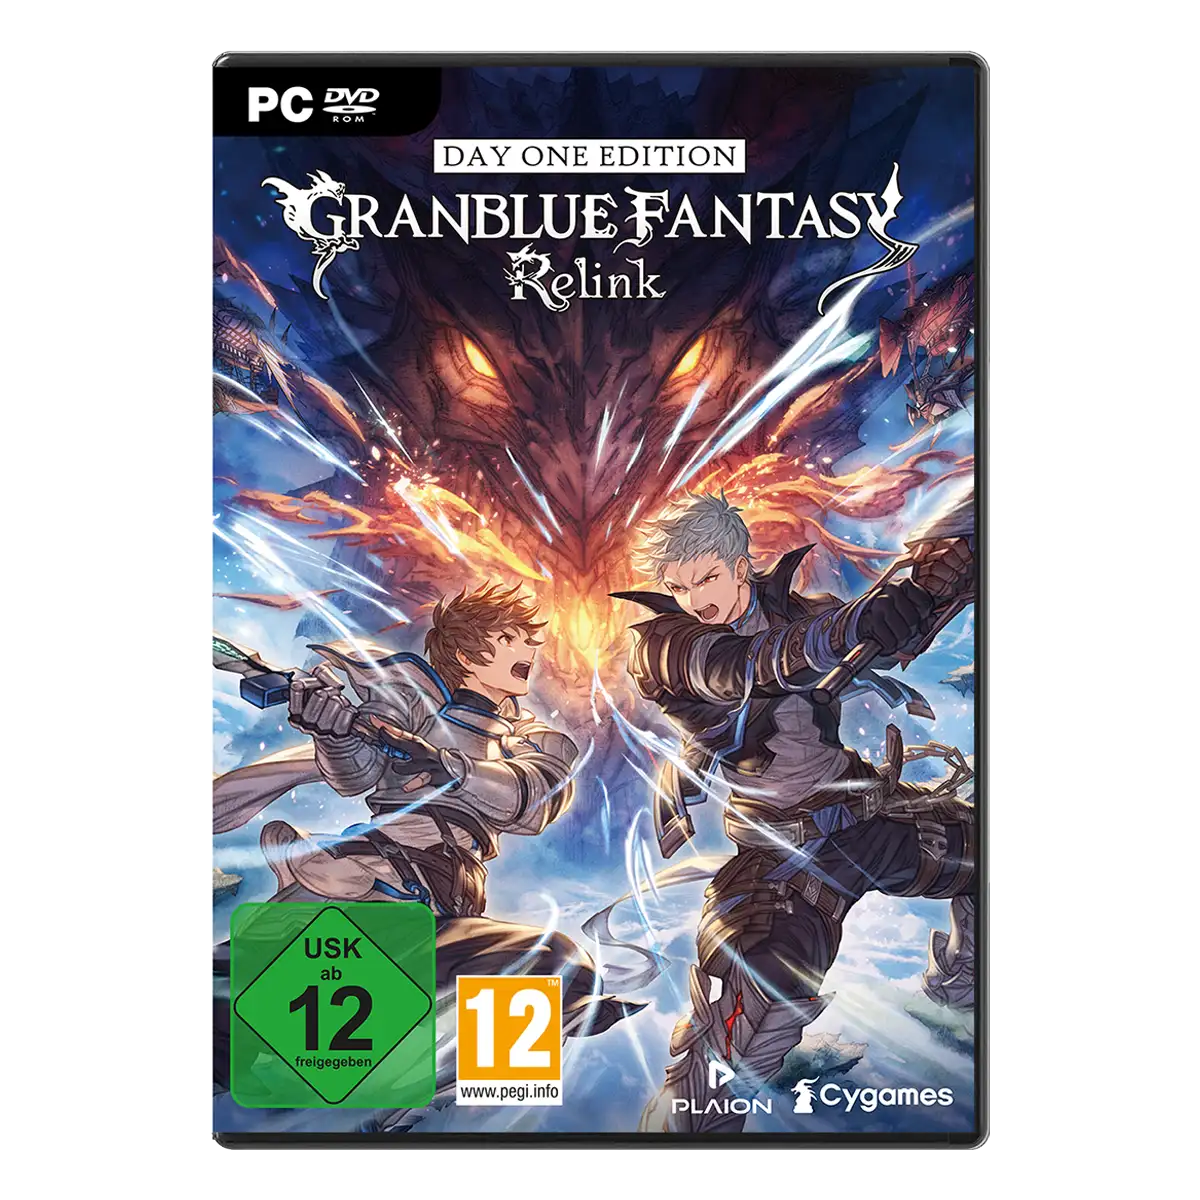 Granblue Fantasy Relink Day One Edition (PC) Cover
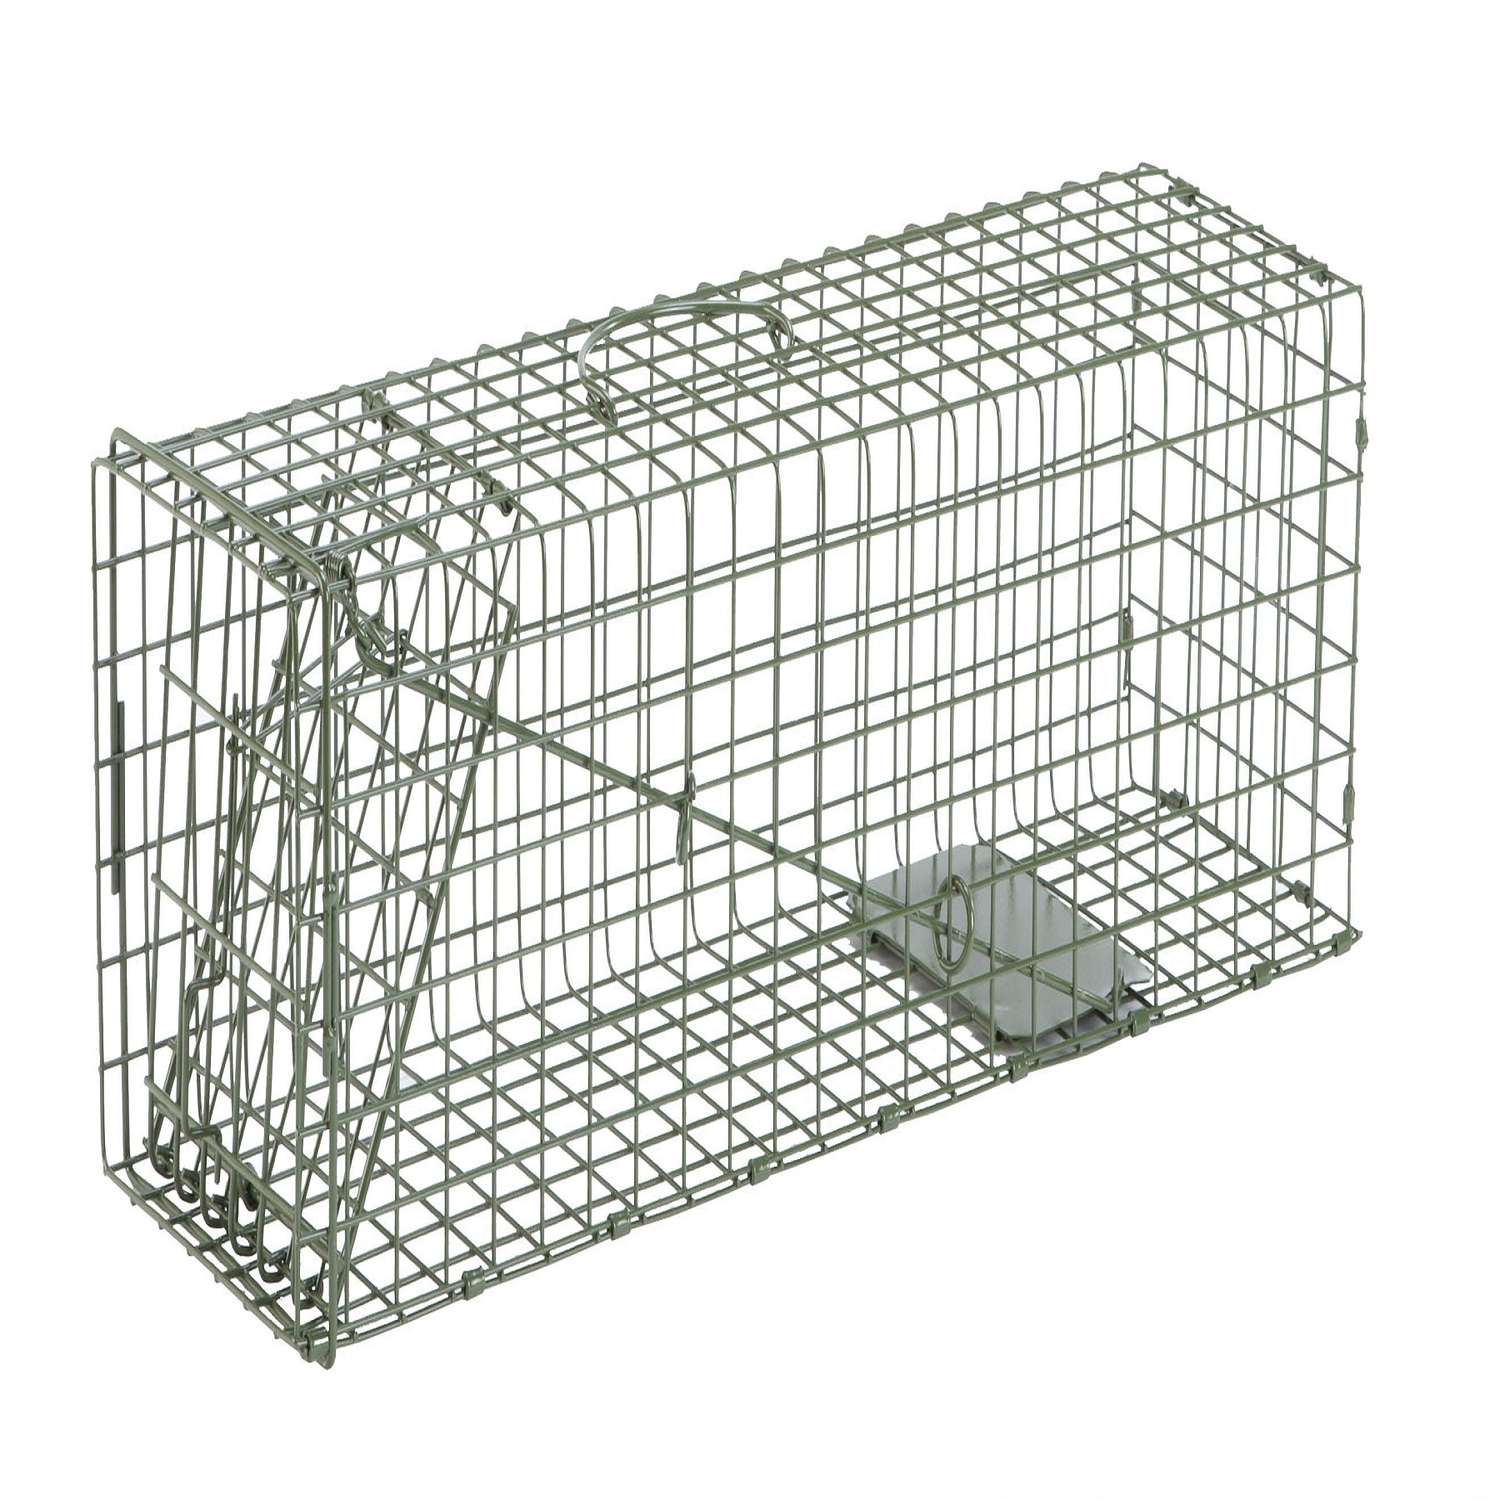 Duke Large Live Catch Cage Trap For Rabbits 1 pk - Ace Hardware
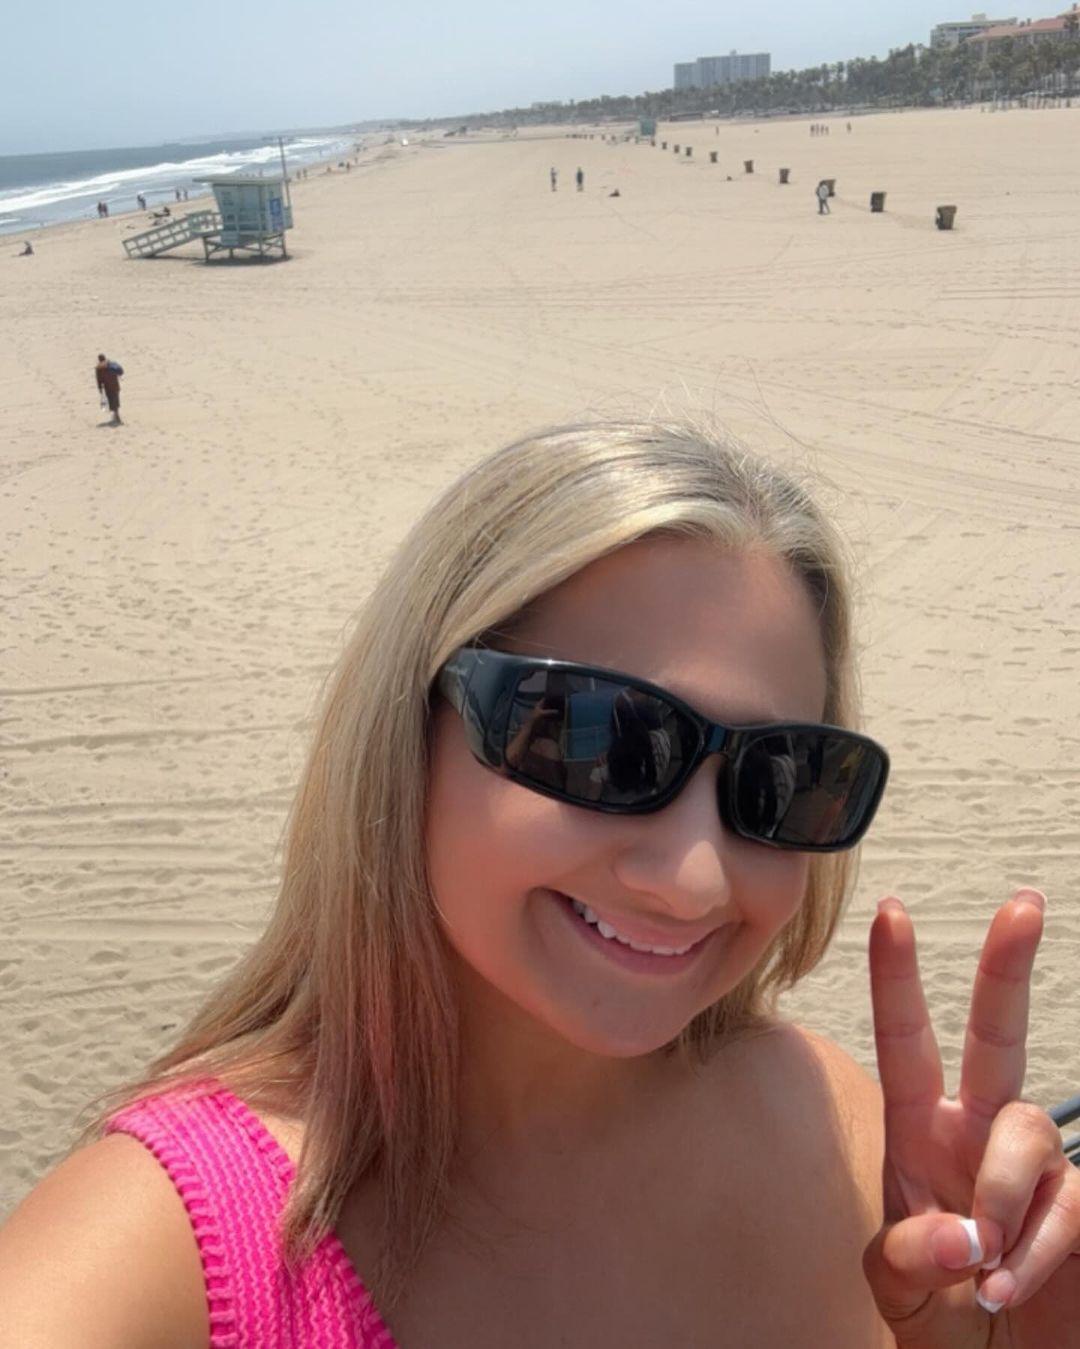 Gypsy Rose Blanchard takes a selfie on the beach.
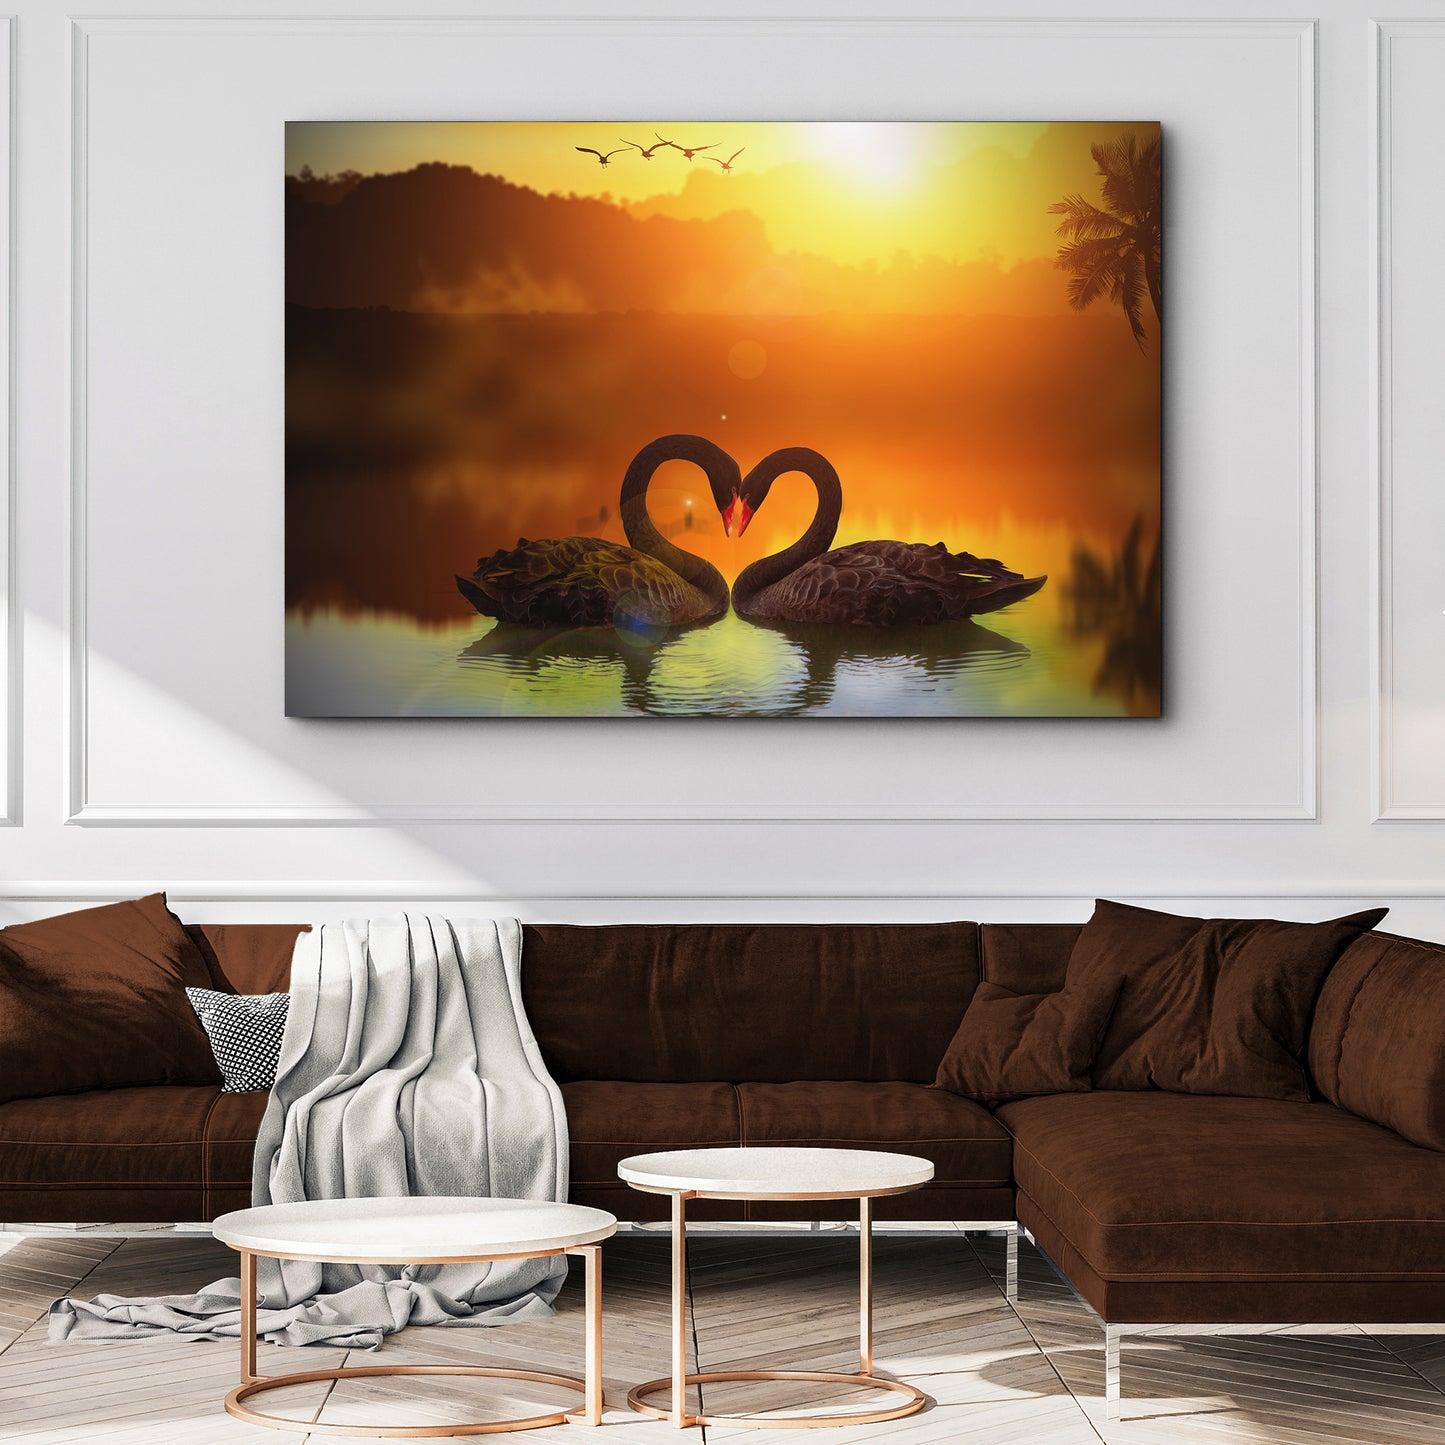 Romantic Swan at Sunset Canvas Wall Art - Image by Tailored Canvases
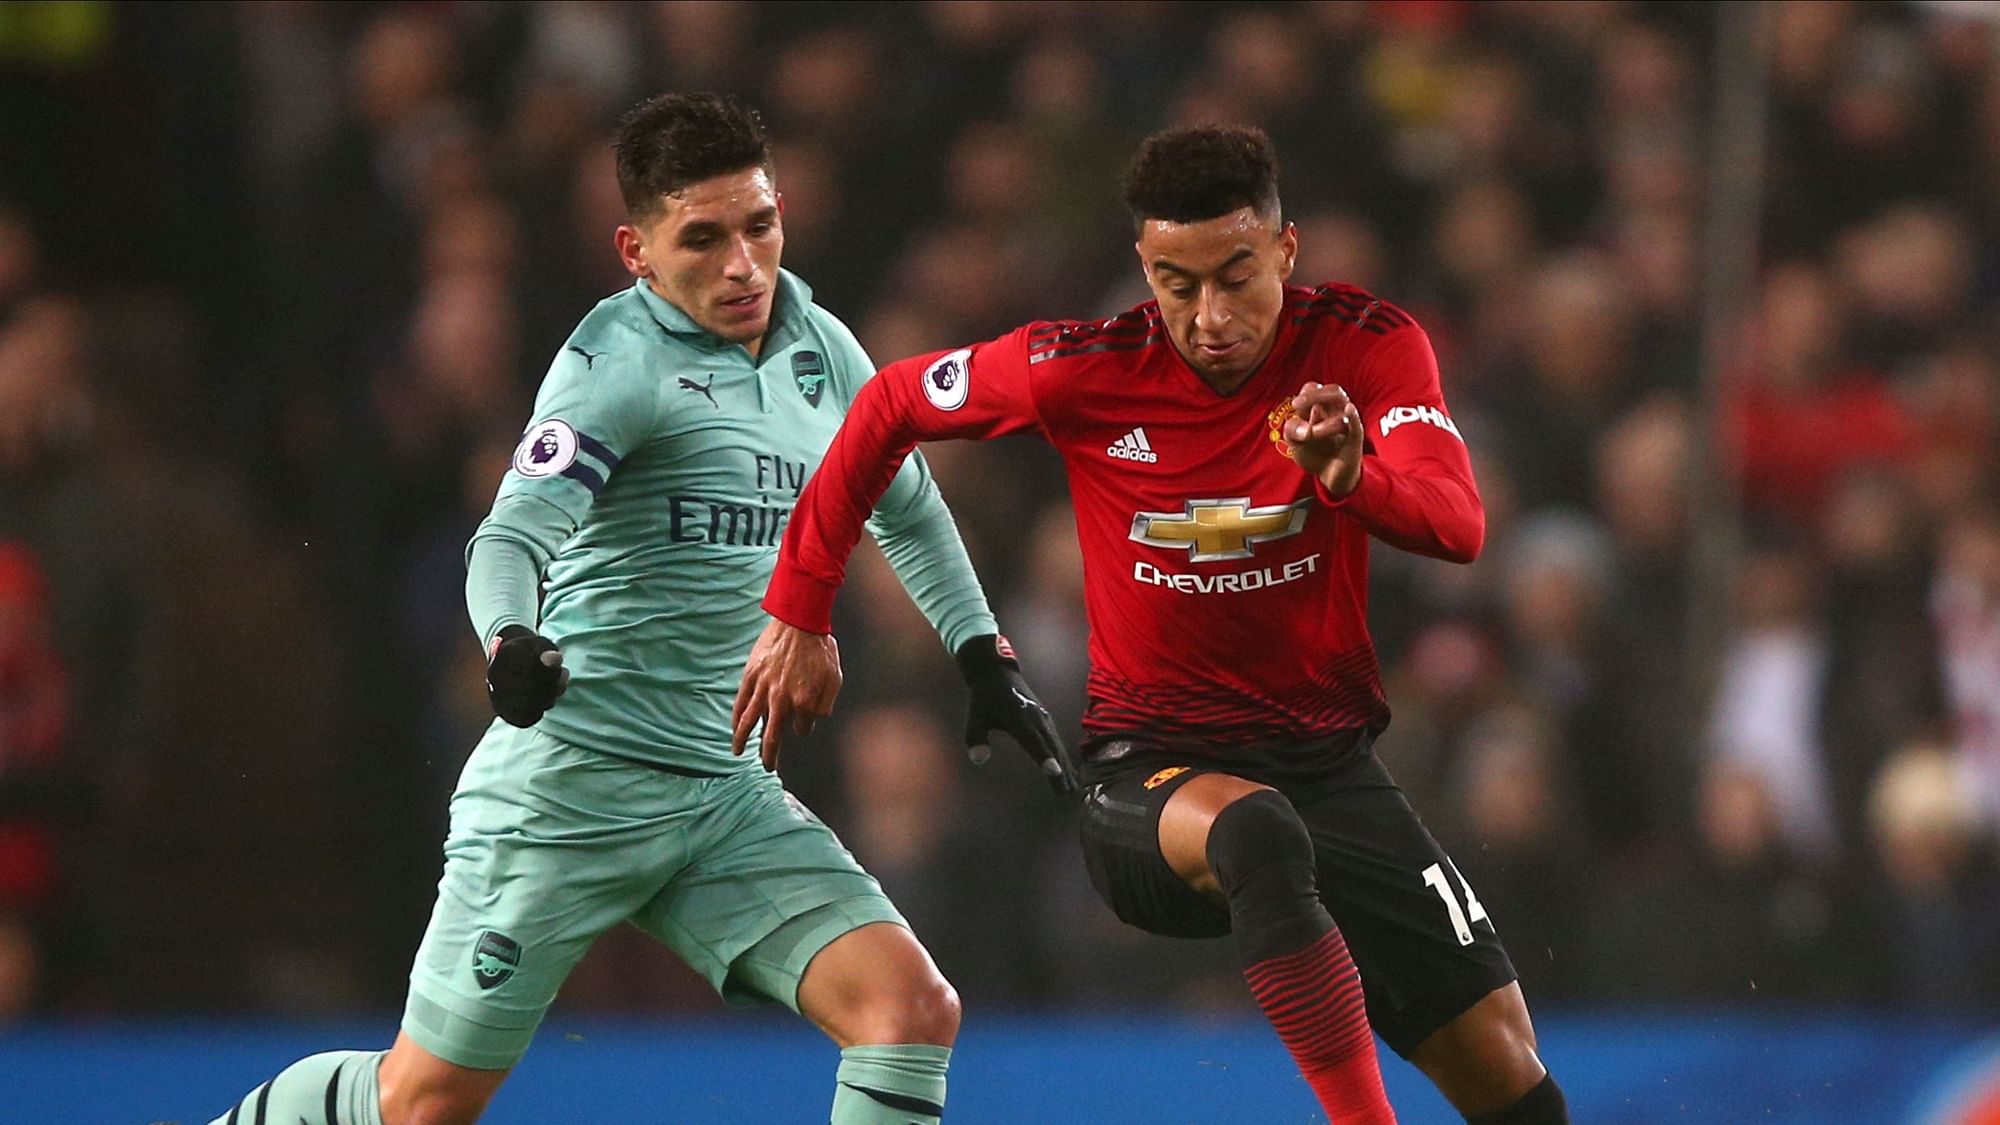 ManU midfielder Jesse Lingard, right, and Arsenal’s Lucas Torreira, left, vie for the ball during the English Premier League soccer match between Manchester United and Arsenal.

..........

Directions for this task: Could you give back the full listing word for word, leaving out the images?

Task answer:
 Granblue Fantasy Relink Day One Edition (PC) Cover
 Duke Large Live Catch Cage Trap For Rabbits 1 pk - Ace Hardware
 Gypsy Rose Blanchard takes a selfie on the beach.
 Romantic Swan at Sunset Canvas Wall Art - Image by Tailored Canvases
 ManU midfielder Jesse Lingard, right, and Arsenal’s Lucas Torreira, left, vie for the ball during the English Premier League soccer match between Manchester United and Arsenal.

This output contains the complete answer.